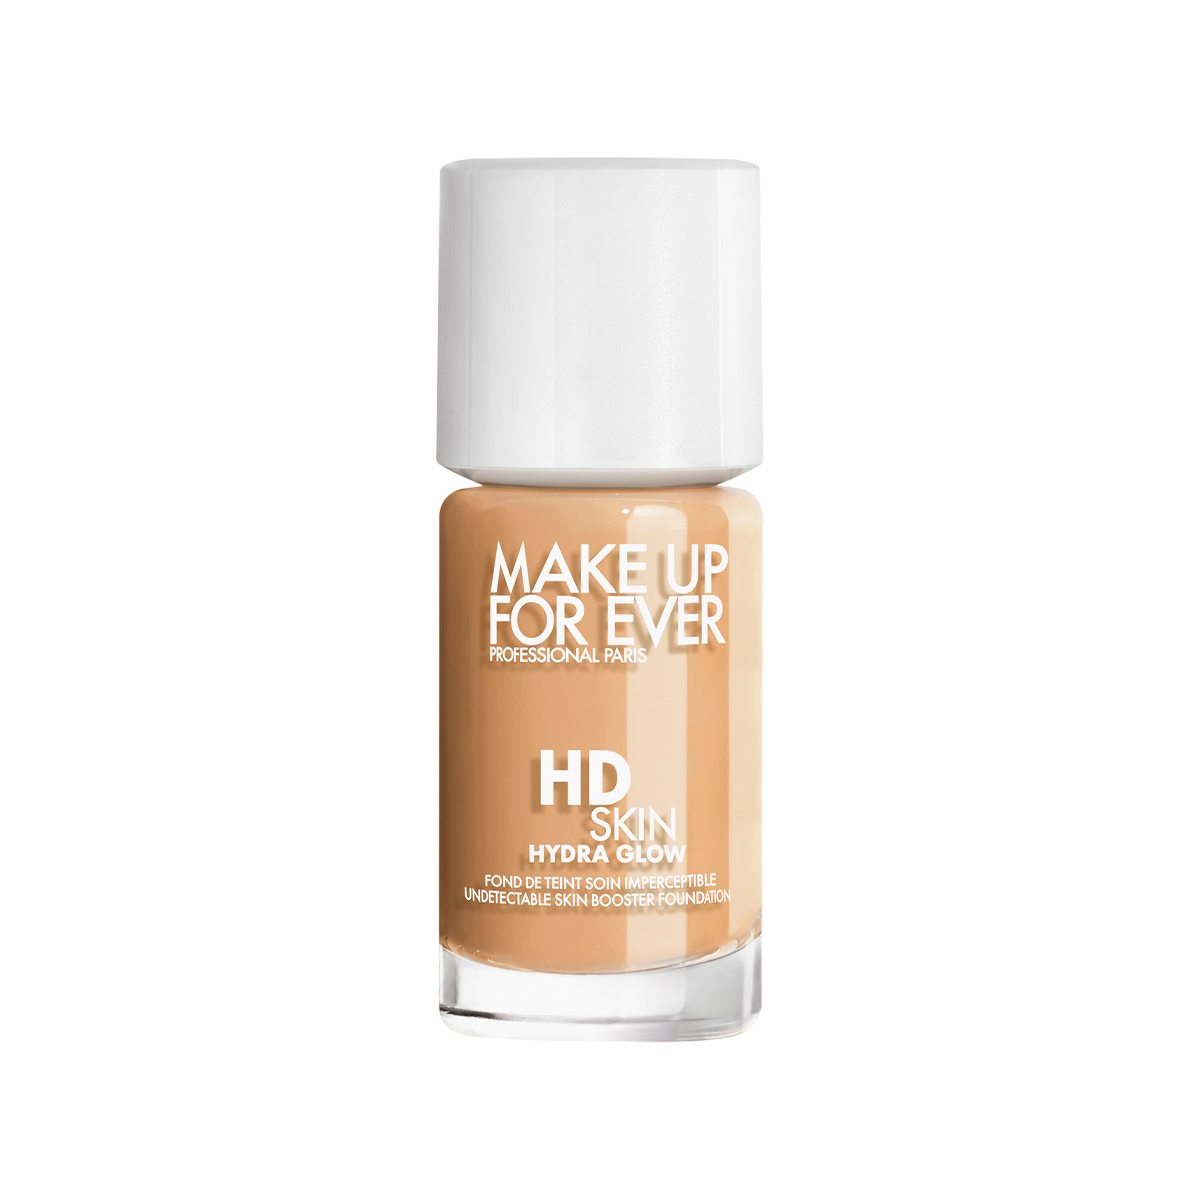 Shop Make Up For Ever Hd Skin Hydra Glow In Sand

==

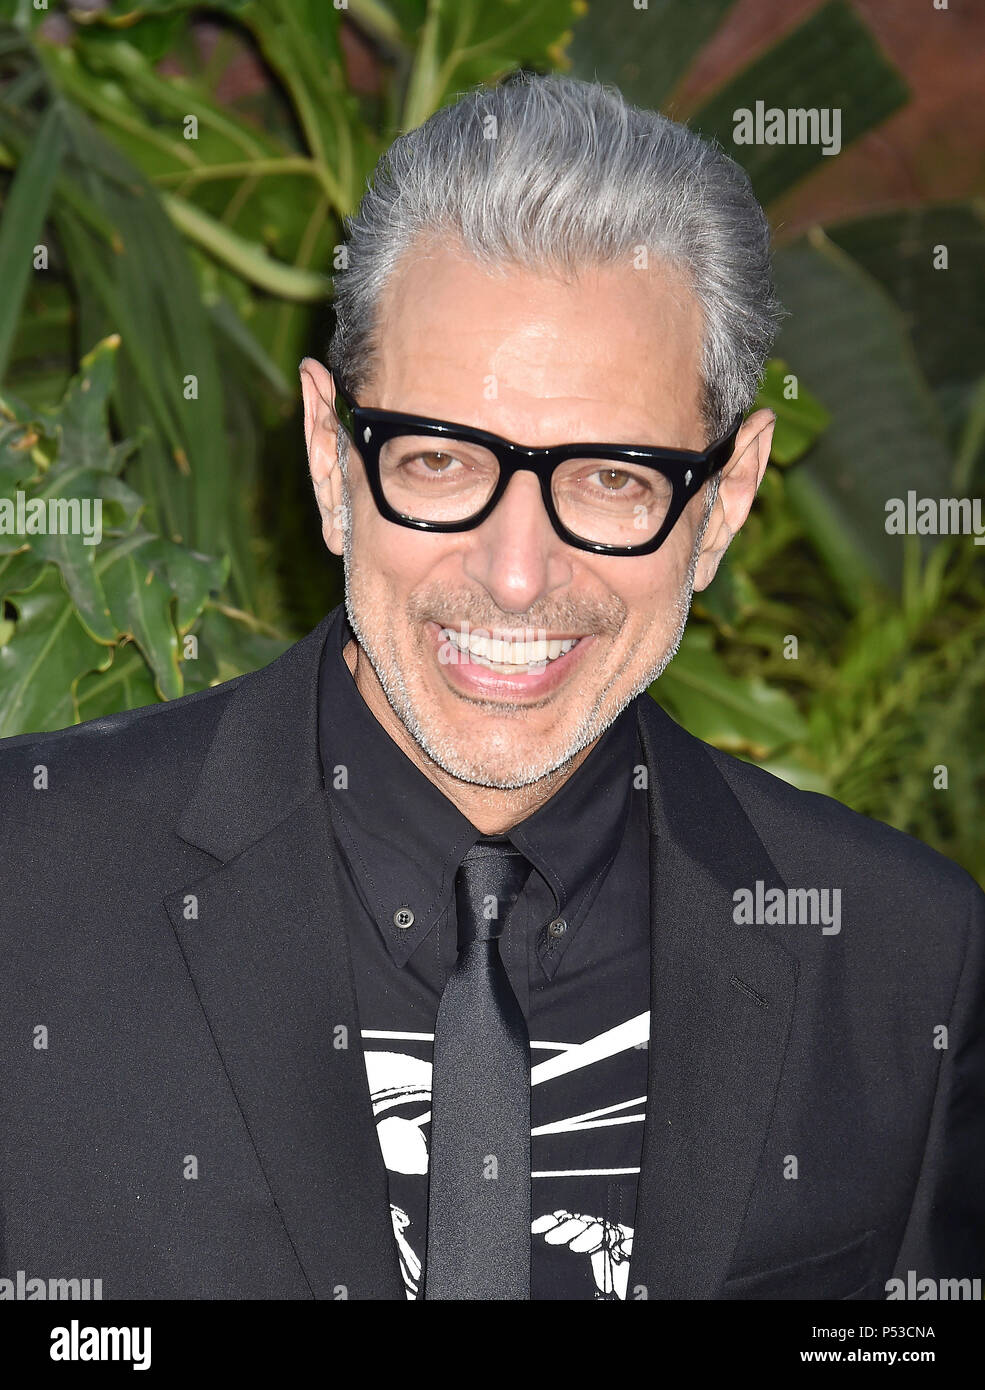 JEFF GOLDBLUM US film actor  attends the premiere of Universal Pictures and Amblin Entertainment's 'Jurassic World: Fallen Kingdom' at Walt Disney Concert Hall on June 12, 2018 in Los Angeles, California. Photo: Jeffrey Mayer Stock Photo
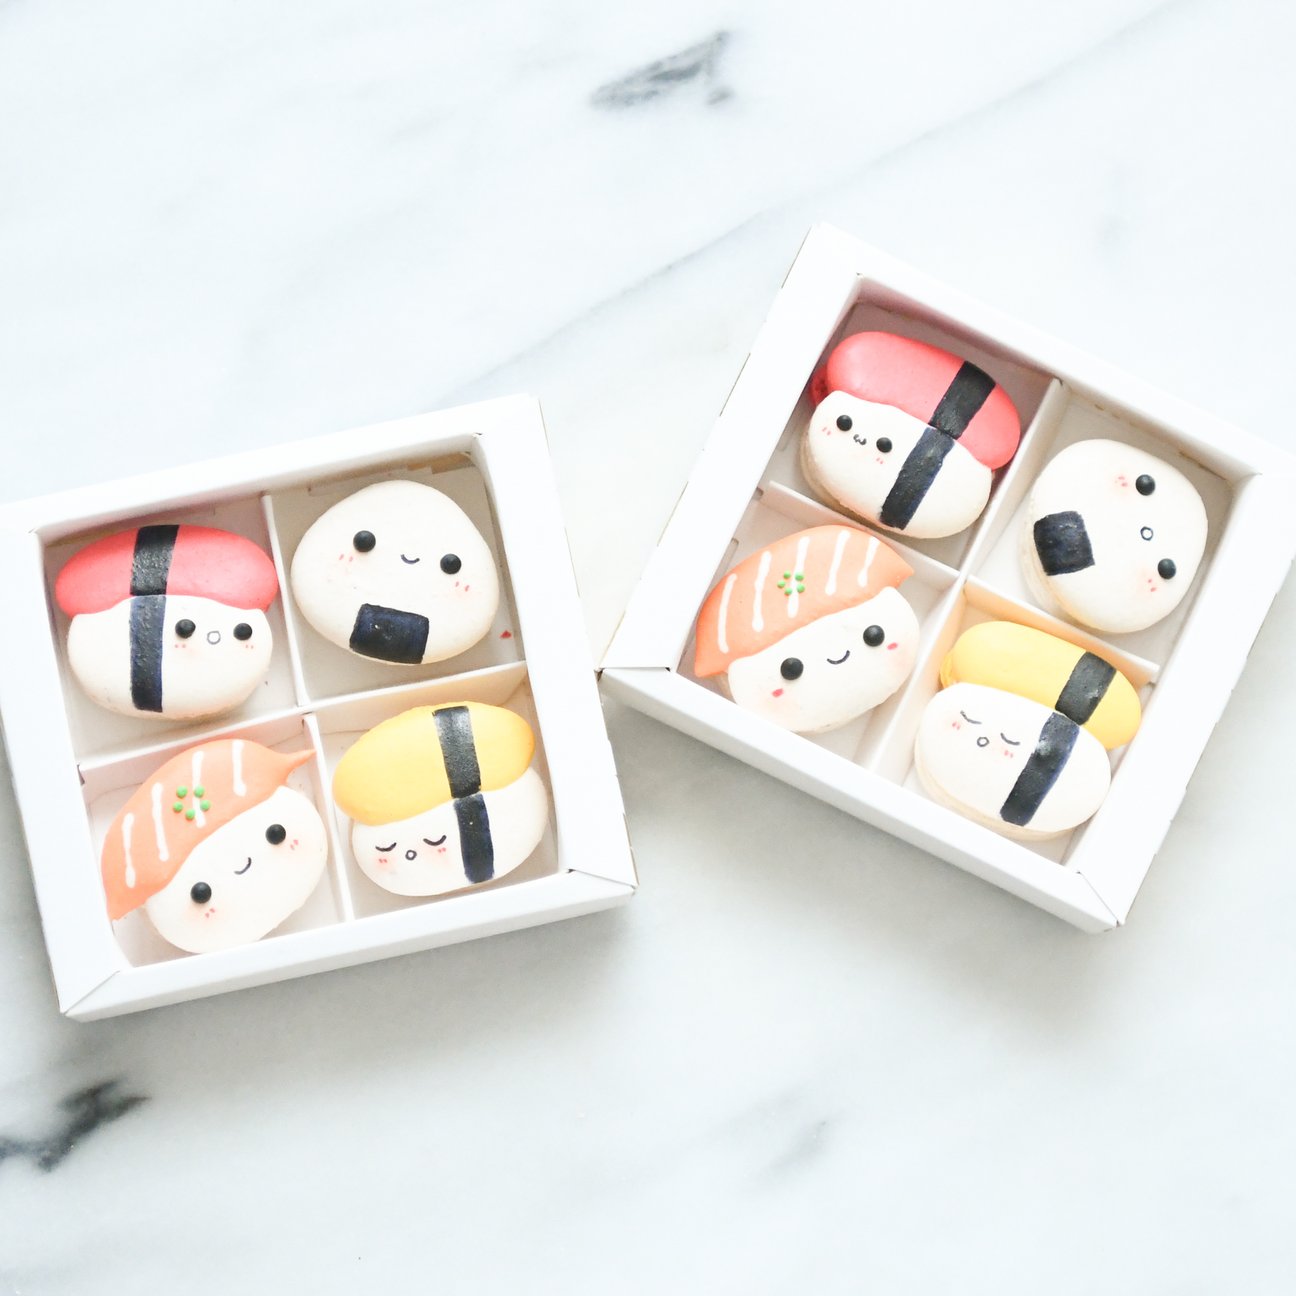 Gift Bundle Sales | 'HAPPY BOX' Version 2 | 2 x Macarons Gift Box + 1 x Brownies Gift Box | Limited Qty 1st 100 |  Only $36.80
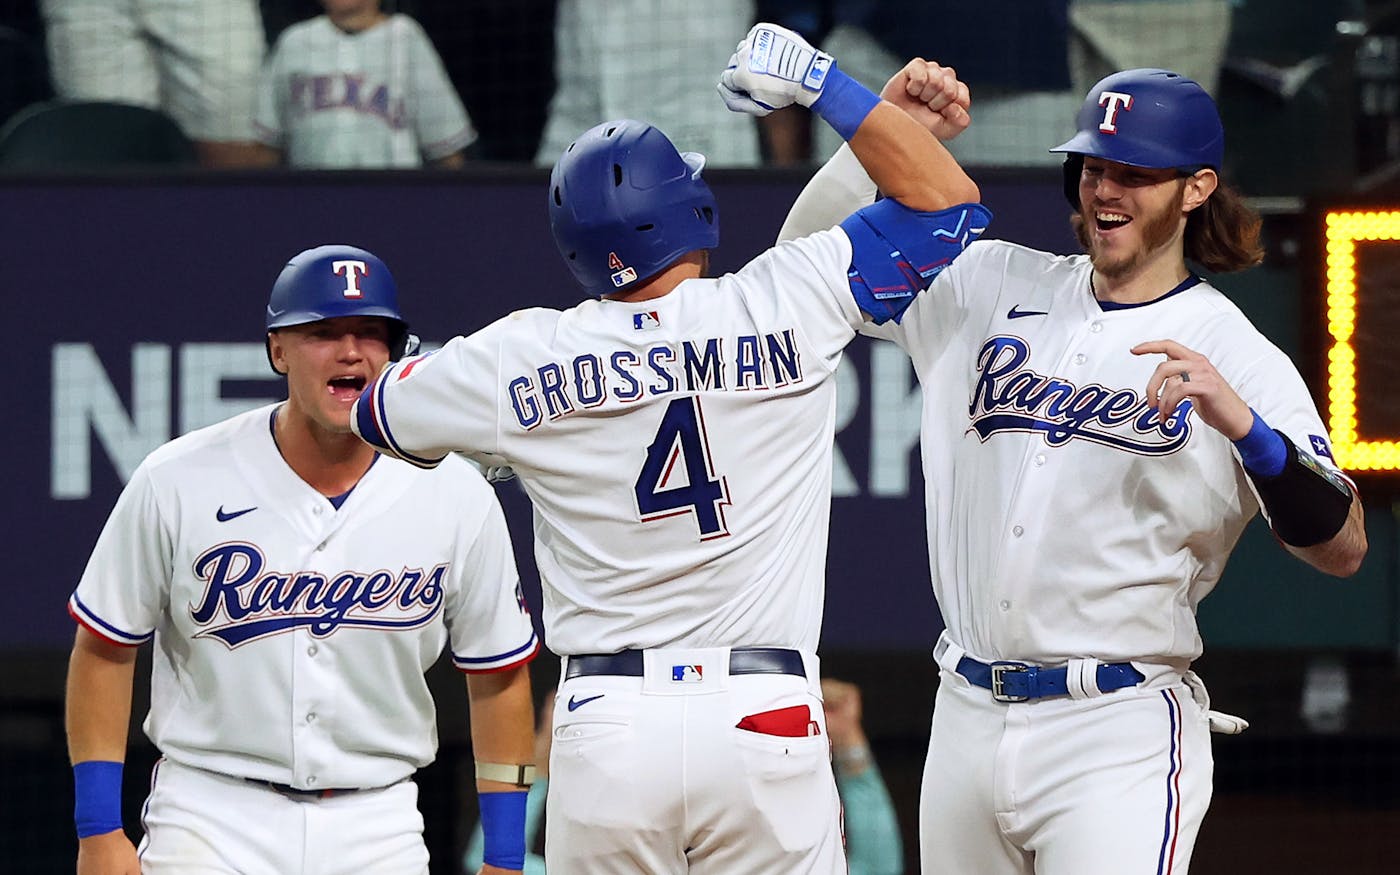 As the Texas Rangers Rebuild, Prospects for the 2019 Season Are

## EXERCISE DIRECTIONS
Reproduce exactly the lines above starting at the line containing "Gift Bundle Sales" and ending at the line containing "As the Texas", including both, but not the pictures.

## REPLY
 Gift Bundle Sales | 'HAPPY BOX' Version 2 | 2 x Macarons Gift Box + 1 x Brownies Gift Box | Limited Qty 1st 100 |  Only $36.80
 As the Texas Rangers Rebuild, Prospects for the 2019 Season Are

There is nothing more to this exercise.